# Silvia OPV adjustment old&new



## L&R

I have received two R-Silvias and started with usual mods with them. One is V2(fixed OPV), another V3(adjustable OPV)

This procedure is not something new but would be helpful to have a few more pictures in the forum.

Had to go down to 9 bar static to produce a decent shot, obviously these machine work better with lower brew pressure.

*Silvia V1,V2: *You need to buy some cooper washers for a car oil drip pan 16 or 18 mm, play with tightening the nut and combine different washers.

After some play I managed to lower pressure to 9 bar static, so old valves are adjustable too, but you need (1-2) extra shims.


----------



## L&R

*Silvia V3 and up*: We have an adjustable OPV inside so for it you will only need two 20mm wrenches. We loose the fixing nut that sits closer to the OPV and adjust brewing pressure with the other. Counter clock wise for decrease or clock wise to increase brewing pressure.

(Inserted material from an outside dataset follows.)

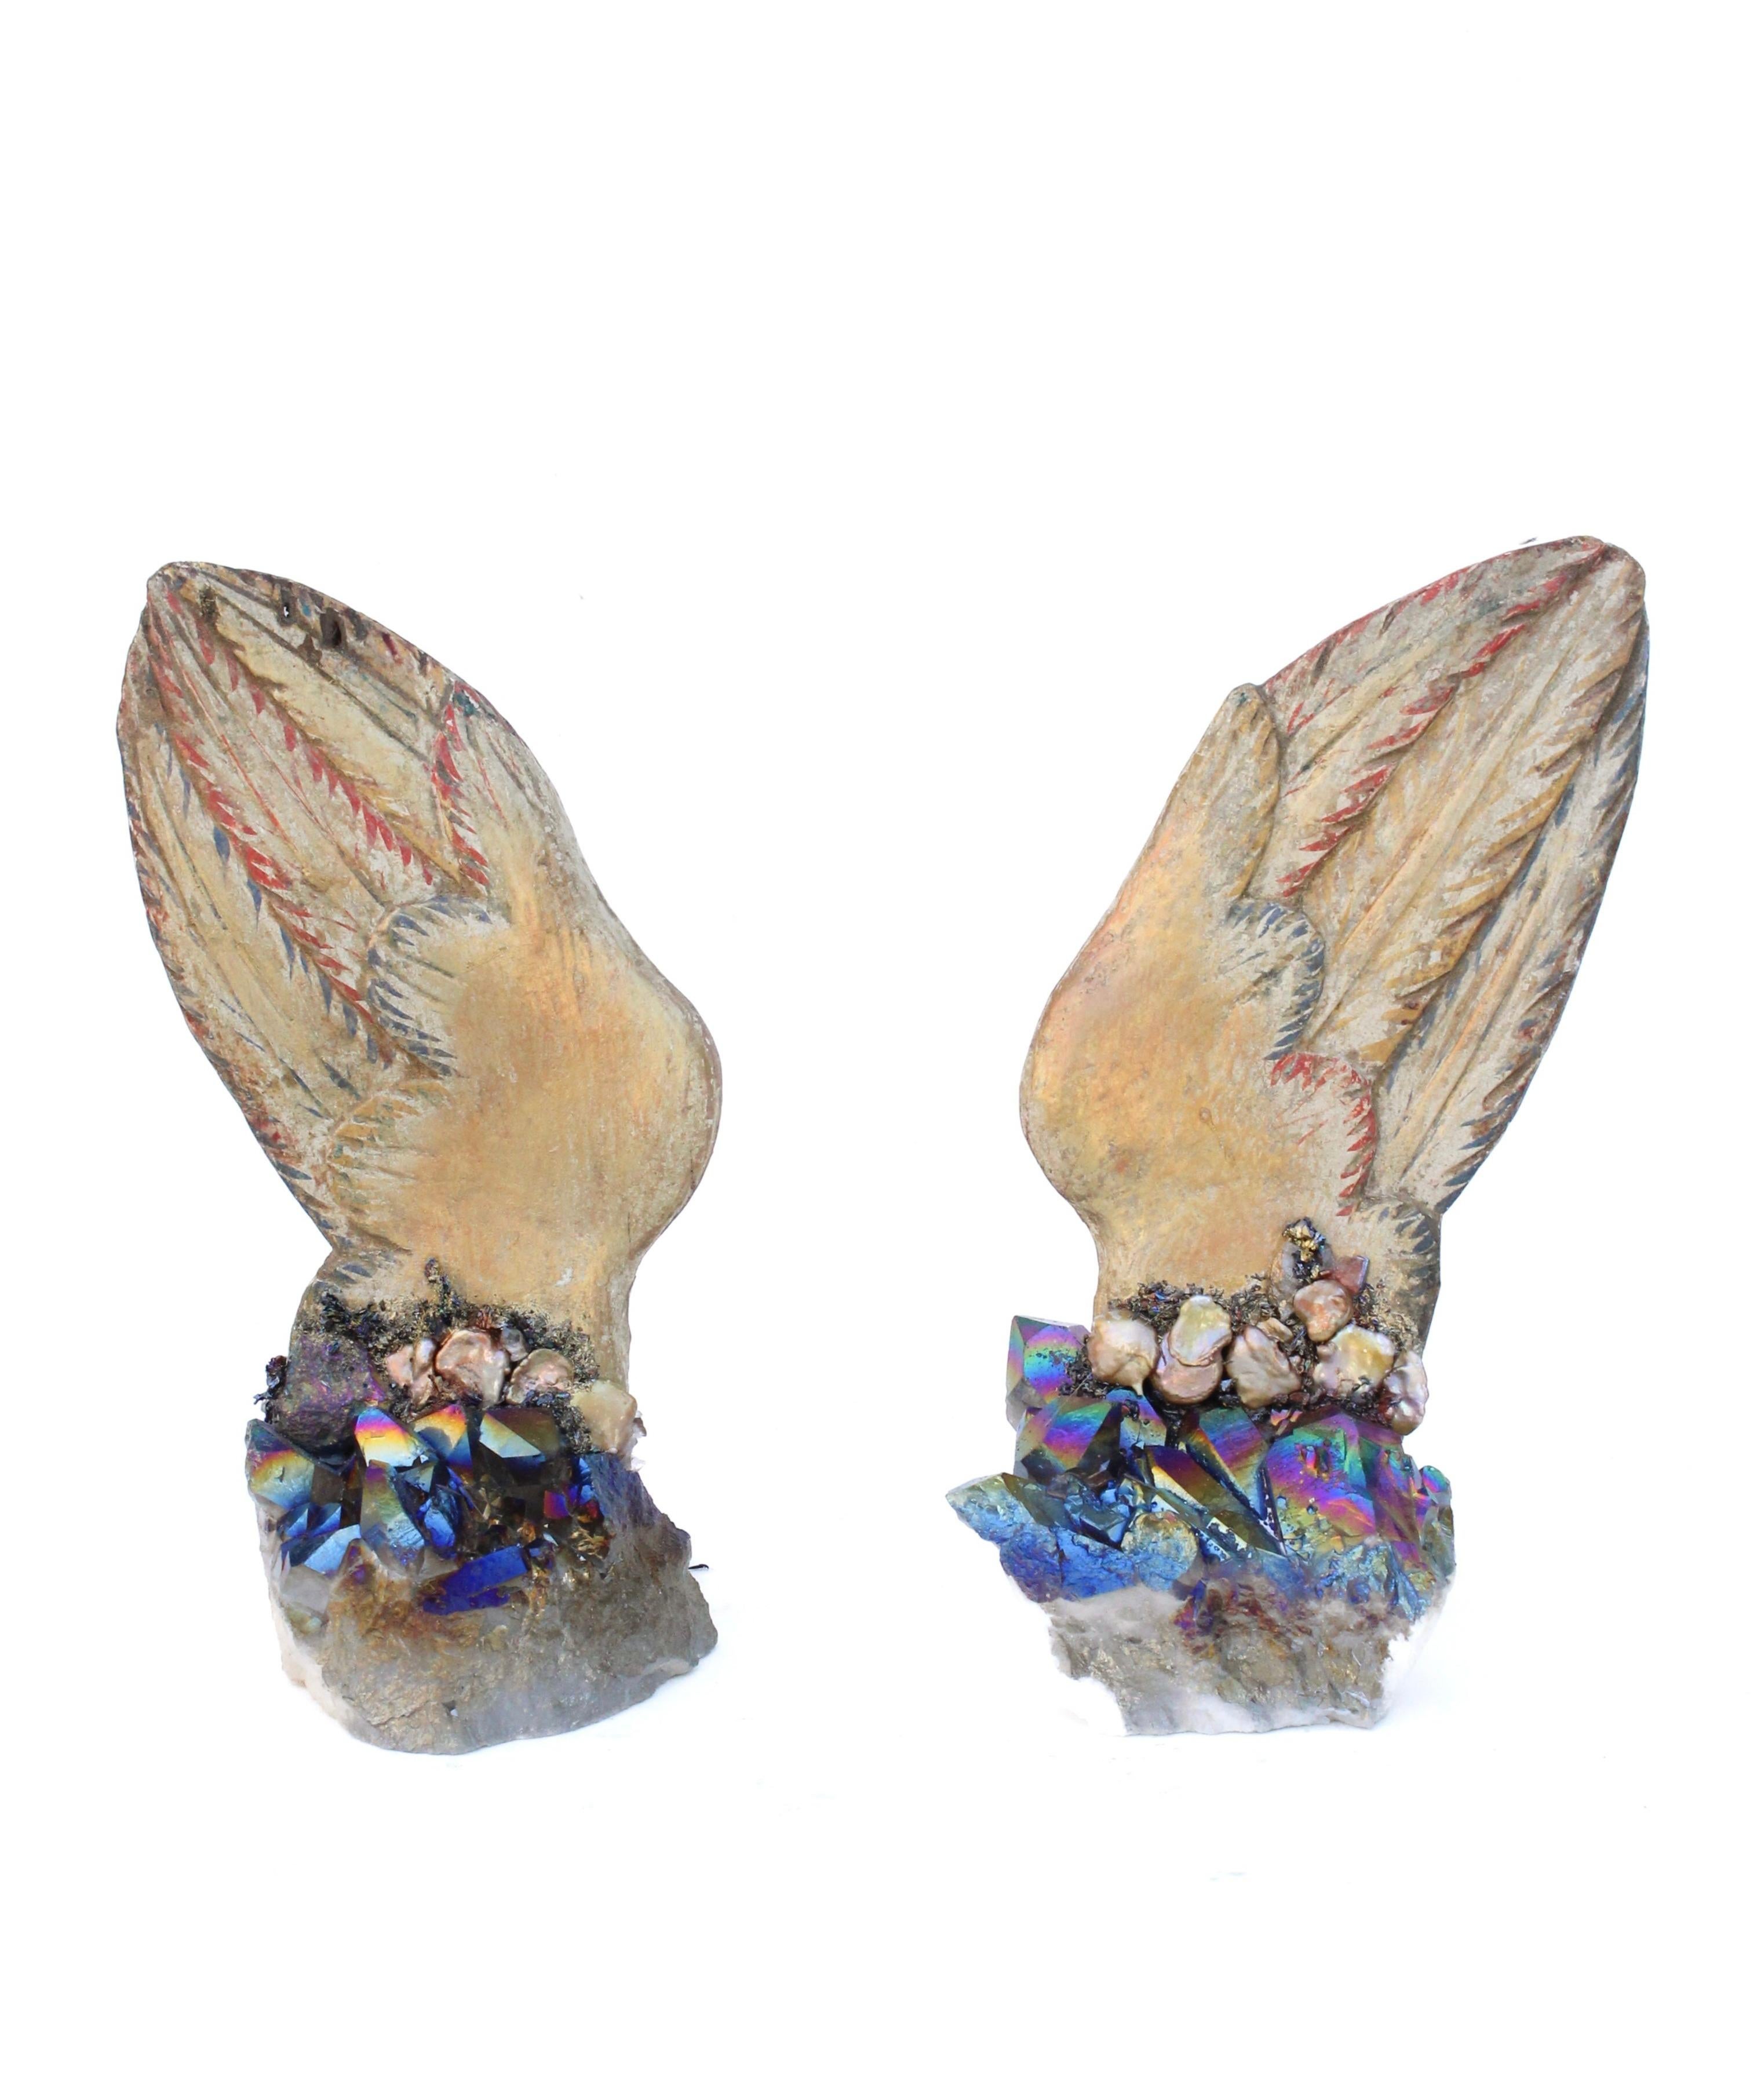 Paar italienische, handgeschnitzte und bemalte Engelsflügel aus dem 18. Jahrhundert auf titanbeschichteten Quarzkristallclustern mit naturgeformten Barockperlen.

Die handgeschnitzten mehrfarbigen Engelsflügel stammen aus einer historischen Kirche

Gaggia Classic is far better in term of OPV adjustment and can produce high quality shots with higher static pressure 9,5-10 bar, but here more than 9 bar is to much.


----------



## Forestboy

Thank you for this, weekend project incoming.


----------



## L&R

Today I healed another one RS v1 with insane pressure. 12-13 bar it was producing really bad shots. Went down to 9 bar static and things are much better now.


Before 










After(one extra cooper shim has been added)


----------



## L&R

Another v2 on the right track, heating element upgraded(from Nancy) to bolt-in and pressure adjusted from 11 bar to 9.


----------



## dannoceti

Do you experience a big difference in shot quality after adjusting the silvia OPV from its stock setting? I've had mine for about 5 years and haven't touched the OPV. I have a V3.


----------



## 30621

Both my Silvias have the "non adjustable" OPV valves. I adjusted them by grinding the spring on my bench grinder. Take care with this method as only very small amounts of material removal are necessary. I went this route after adding a washer reduced the pressure too much. For example, one of my machines was set at 14bar and adding a copper washer reduced the static pressure to 8Bar; too low. To decrease the pressure, you can also remove the small calibration washer inside the OPV. This is the washer the factory installs to calibrate the OPV and it bears against the spring. I used the data supplied by ULKA to measure the return flow to the tank when a blind filter is installed into the portafilter. This is just as accurate as using a pressure gauge to determine static pressure. I set my machines to around 10Bar, which gives me around 9Bar brew pressure.


----------



## cap22

L&R said:


> I have received two R-Silvias and started with usual mods with them. One is V2(fixed OPV), another V3(adjustable OPV)
> 
> This procedure is not something new but would be helpful to have a few more pictures in the forum.
> 
> Had to go down to 9 bar static to produce a decent shot, obviously these machine work better with lower brew pressure.
> 
> *Silvia V1,V2: *You need to buy some cooper washers for a car oil drip pan 16 or 18 mm, play with tightening the nut and combine different washers.
> 
> After some play I managed to lower pressure to 9 bar static, so old valves are adjustable too, but you need (1-2) extra shims.
> 
> View attachment 24580
> 
> 
> View attachment 24581
> 
> 
> View attachment 24582
> 
> 
> View attachment 24583
> 
> 
> View attachment 24579


About to try to adjust my V2 OPV. A few questions for those who have been down this road: Do the washers have to be copper? Any tips on how to get the bolt on this non adjustable OPV to loosen?
Thanks for starting this thread a few years ago and providing the photos! so helpful.


----------